**DATA EXTRACT:**
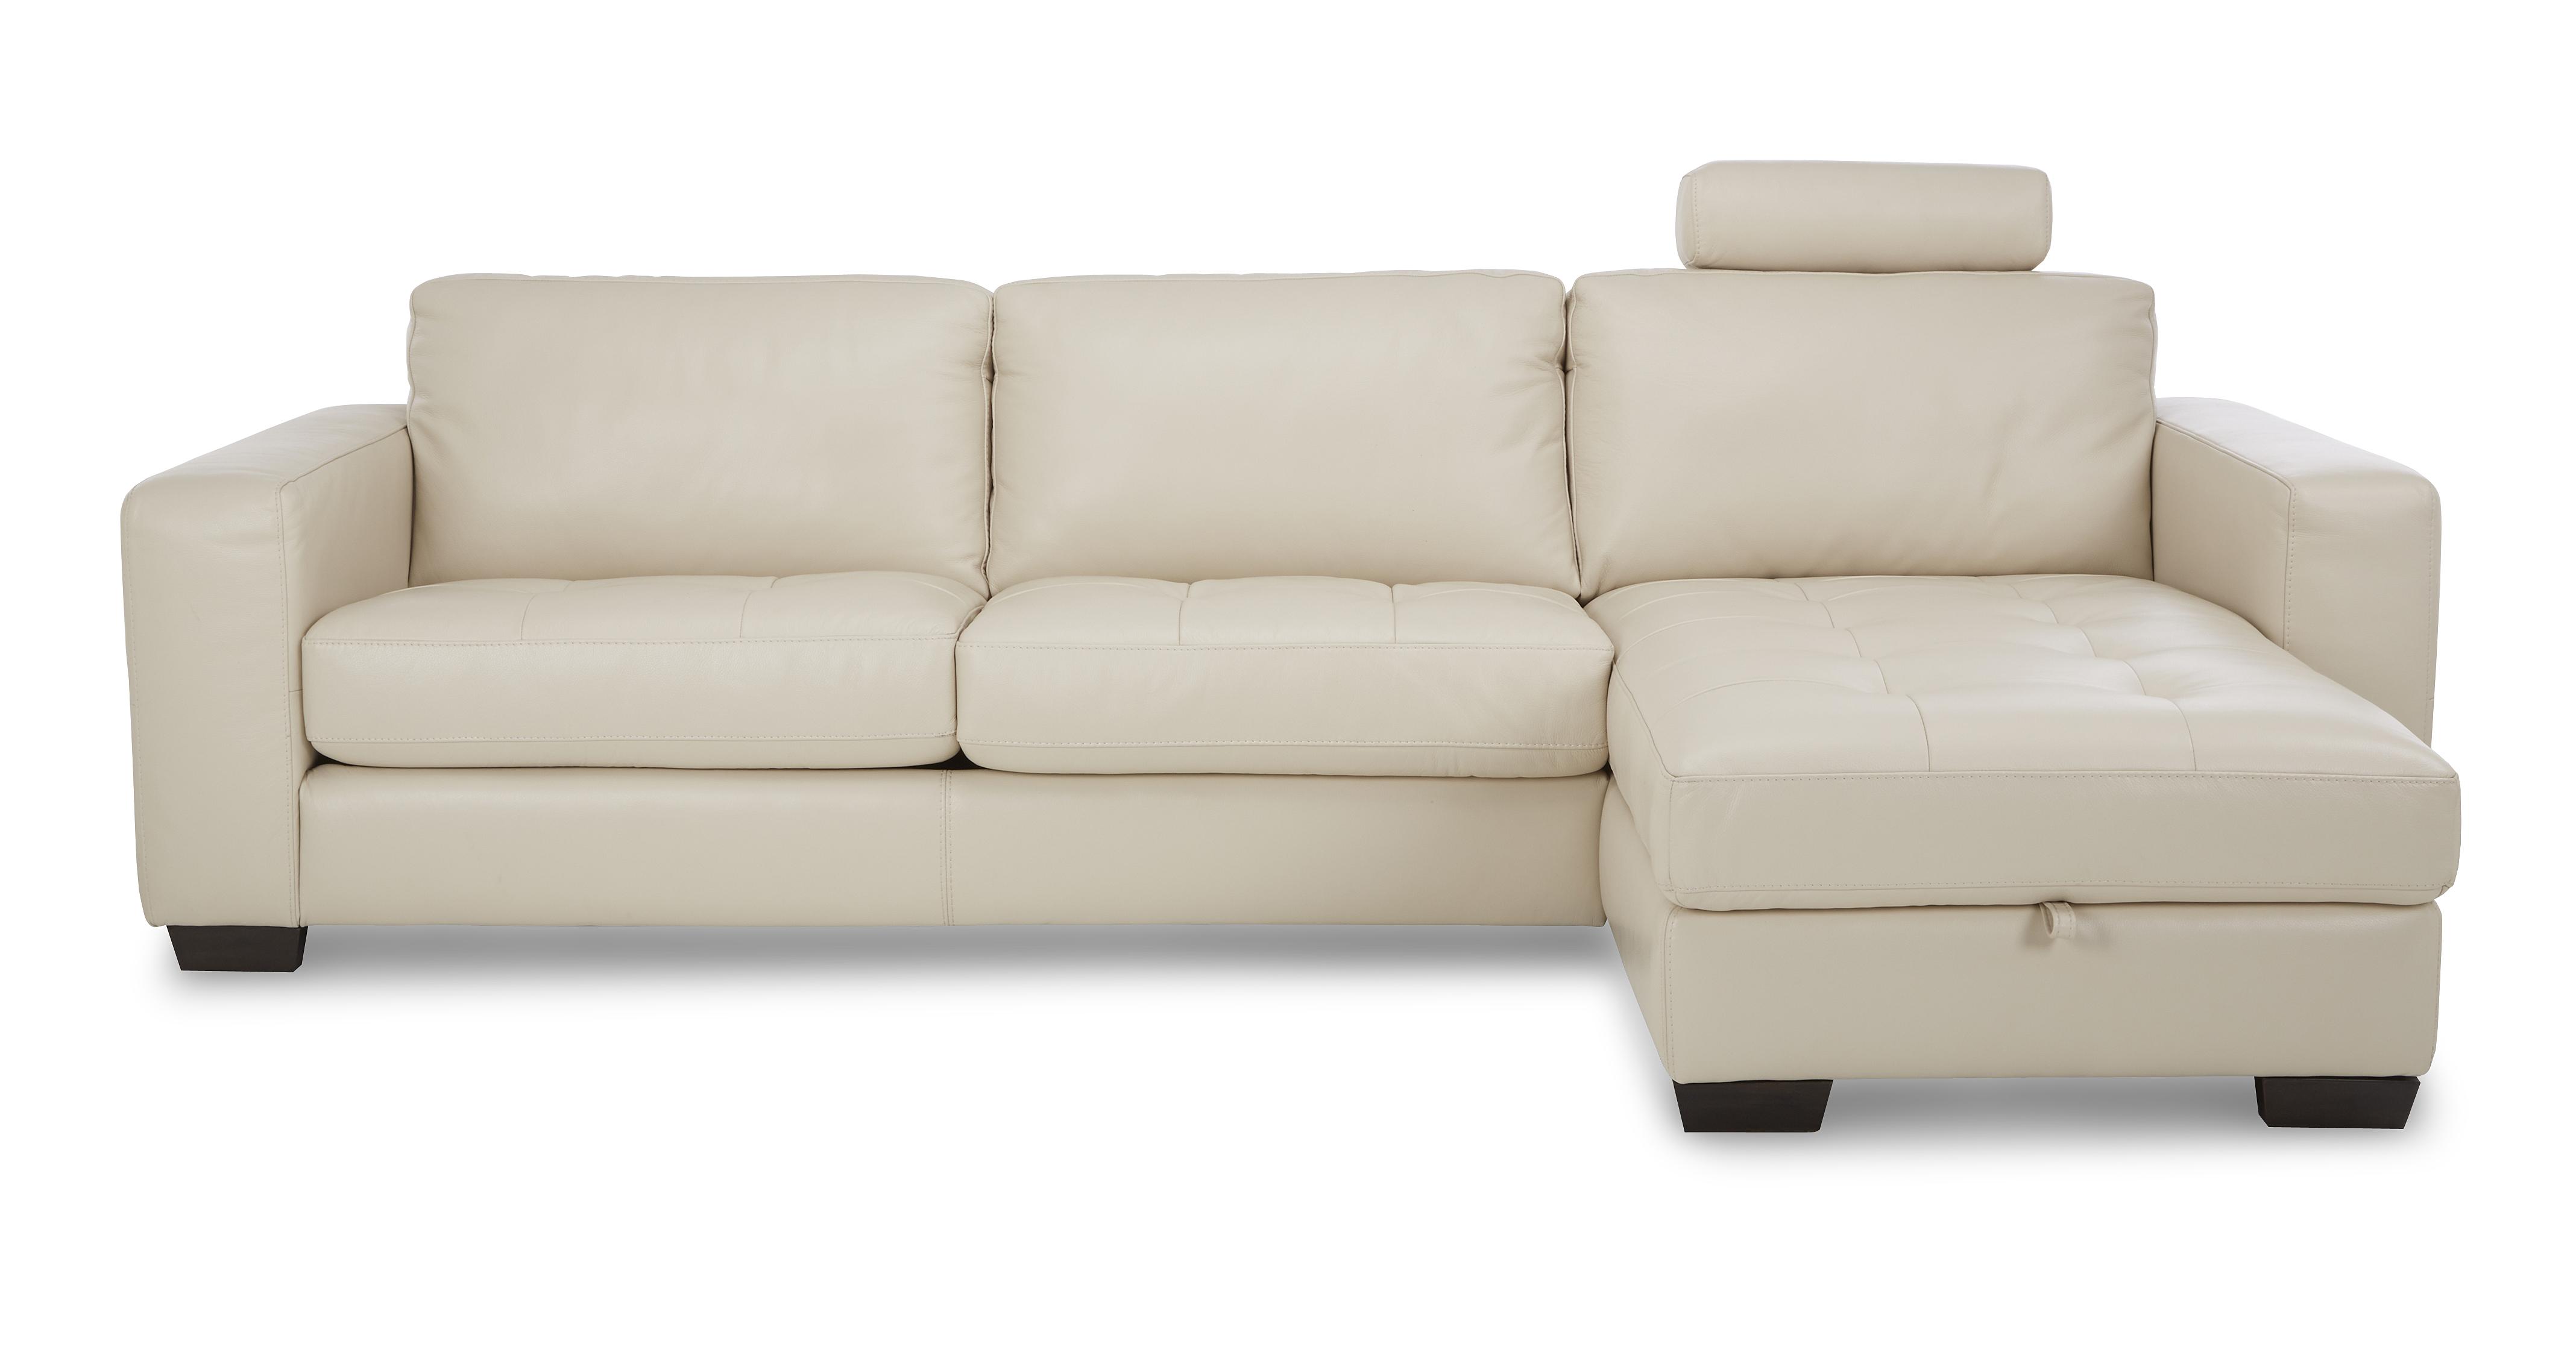 DFS Ramona Bisque Leather Set Inc Storage Chaise Sofa Bed, Chair ...
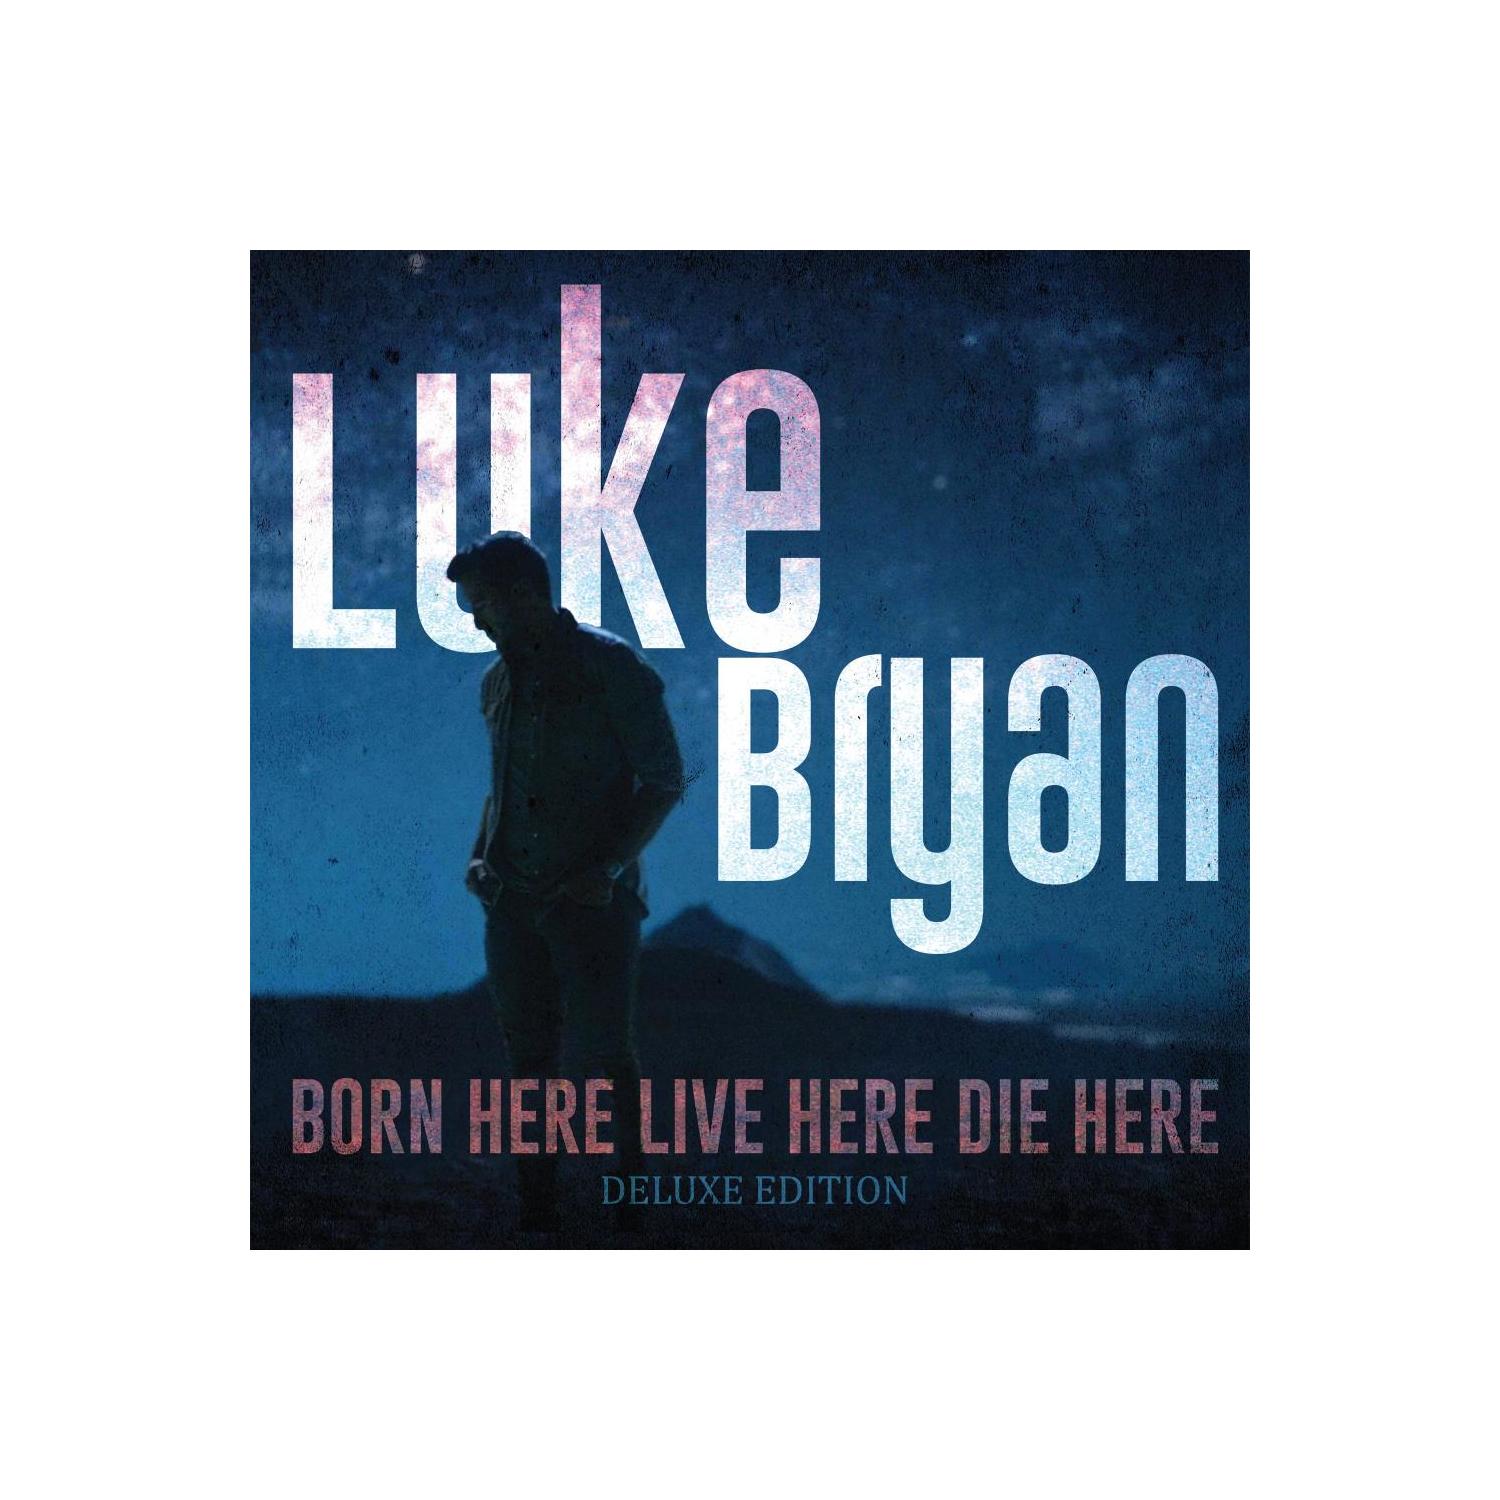 BORN HERE LIVE HERE DIE HERE DELUXE EDITION -- BRYAN LUKE
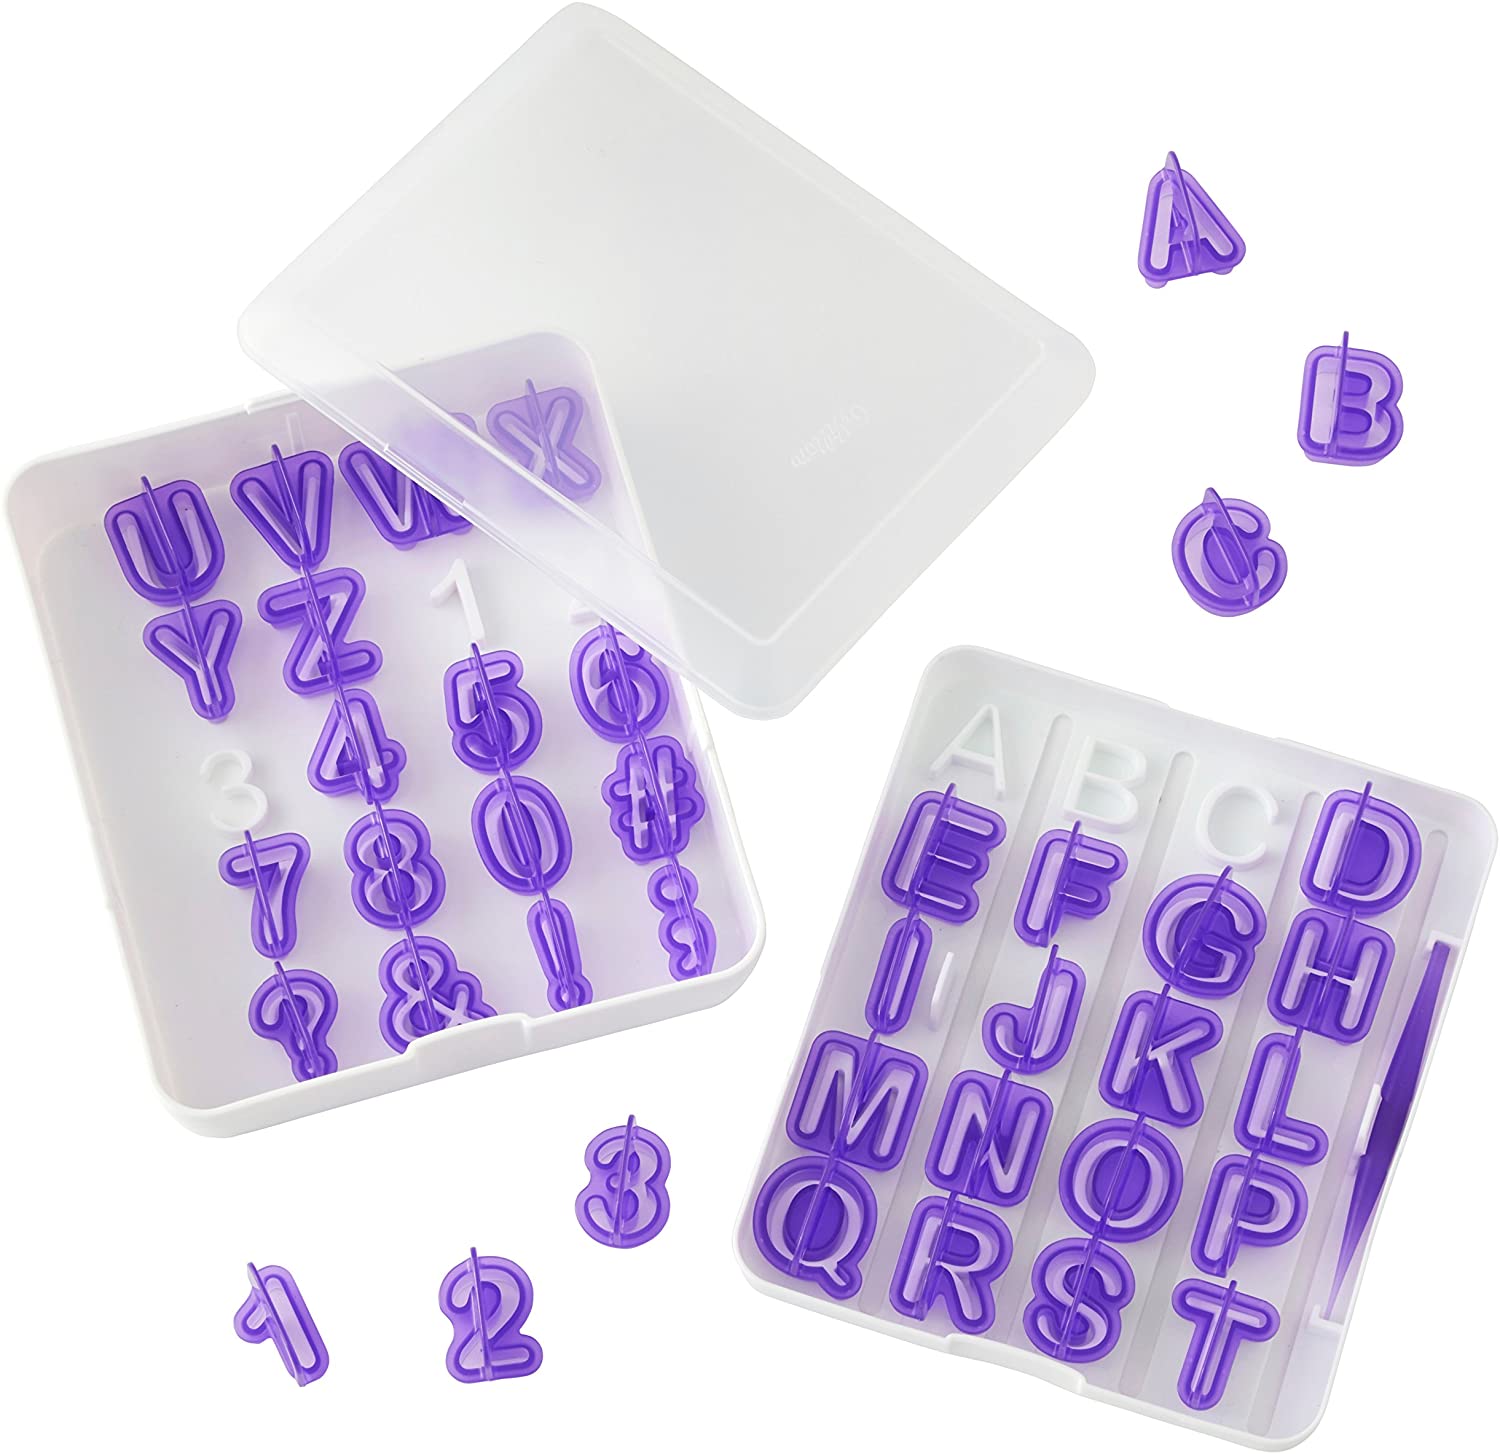 Wilton 40 Piece Fondant Letter and Number Cookie Cutter Set

**ACTION ITEM:** Keep the pictures out and transcribe the listing exactly.

**ANSWER TO THIS EXERCISE:**
 DFS Ramona Bisque Leather Set Inc Storage Chaise Sofa Bed, Chair ...
 BORN HERE LIVE HERE DIE HERE DELUXE EDITION -- BRYAN LUKE
 Wilton 40 Piece Fondant Letter and Number Cookie Cutter Set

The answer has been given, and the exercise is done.